§ Task brief
The entries below contain a line with "o NajwyŜszej Izbie" and a line with "本町のmatsuで久々のディナーを楽しむ 函館の飲み食い日記 Powered". Retype exactly everything from the first down to the second, both included, and nothing else.
━━━━━━━━━━━━━━━━━━━━
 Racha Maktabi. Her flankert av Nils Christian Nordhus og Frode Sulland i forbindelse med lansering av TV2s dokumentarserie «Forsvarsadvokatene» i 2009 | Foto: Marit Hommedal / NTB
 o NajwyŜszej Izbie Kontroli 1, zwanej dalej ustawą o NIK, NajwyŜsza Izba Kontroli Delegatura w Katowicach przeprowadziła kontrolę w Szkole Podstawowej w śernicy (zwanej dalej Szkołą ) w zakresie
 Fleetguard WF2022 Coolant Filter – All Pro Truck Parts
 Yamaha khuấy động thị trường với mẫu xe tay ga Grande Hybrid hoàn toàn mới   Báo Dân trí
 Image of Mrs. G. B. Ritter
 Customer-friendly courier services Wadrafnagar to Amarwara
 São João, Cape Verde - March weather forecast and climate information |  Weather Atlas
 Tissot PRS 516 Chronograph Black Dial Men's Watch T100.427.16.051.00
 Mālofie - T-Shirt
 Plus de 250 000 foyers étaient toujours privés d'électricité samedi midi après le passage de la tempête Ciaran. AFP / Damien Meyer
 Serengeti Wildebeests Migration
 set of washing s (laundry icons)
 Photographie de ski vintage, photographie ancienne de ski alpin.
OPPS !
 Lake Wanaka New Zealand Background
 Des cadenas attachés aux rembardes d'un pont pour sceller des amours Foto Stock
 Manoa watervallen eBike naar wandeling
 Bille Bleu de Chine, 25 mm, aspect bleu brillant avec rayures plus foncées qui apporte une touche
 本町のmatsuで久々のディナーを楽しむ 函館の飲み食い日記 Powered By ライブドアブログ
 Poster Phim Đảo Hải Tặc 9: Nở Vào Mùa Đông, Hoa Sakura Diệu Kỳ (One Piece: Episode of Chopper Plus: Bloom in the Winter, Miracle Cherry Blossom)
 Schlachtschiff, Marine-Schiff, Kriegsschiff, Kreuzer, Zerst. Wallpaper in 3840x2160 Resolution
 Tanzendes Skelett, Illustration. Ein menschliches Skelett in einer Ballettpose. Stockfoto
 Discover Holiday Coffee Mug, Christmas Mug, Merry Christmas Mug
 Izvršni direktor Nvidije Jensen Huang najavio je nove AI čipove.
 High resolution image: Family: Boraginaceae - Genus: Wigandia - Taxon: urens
━━━━━━━━━━━━━━━━━━━━
§ Answer box
 o NajwyŜszej Izbie Kontroli 1, zwanej dalej ustawą o NIK, NajwyŜsza Izba Kontroli Delegatura w Katowicach przeprowadziła kontrolę w Szkole Podstawowej w śernicy (zwanej dalej Szkołą ) w zakresie
 Fleetguard WF2022 Coolant Filter – All Pro Truck Parts
 Yamaha khuấy động thị trường với mẫu xe tay ga Grande Hybrid hoàn toàn mới   Báo Dân trí
 Image of Mrs. G. B. Ritter
 Customer-friendly courier services Wadrafnagar to Amarwara
 São João, Cape Verde - March weather forecast and climate information |  Weather Atlas
 Tissot PRS 516 Chronograph Black Dial Men's Watch T100.427.16.051.00
 Mālofie - T-Shirt
 Plus de 250 000 foyers étaient toujours privés d'électricité samedi midi après le passage de la tempête Ciaran. AFP / Damien Meyer
 Serengeti Wildebeests Migration
 set of washing s (laundry icons)
 Photographie de ski vintage, photographie ancienne de ski alpin.
OPPS !
 Lake Wanaka New Zealand Background
 Des cadenas attachés aux rembardes d'un pont pour sceller des amours Foto Stock
 Manoa watervallen eBike naar wandeling
 Bille Bleu de Chine, 25 mm, aspect bleu brillant avec rayures plus foncées qui apporte une touche
 本町のmatsuで久々のディナーを楽しむ 函館の飲み食い日記 Powered By ライブドアブログ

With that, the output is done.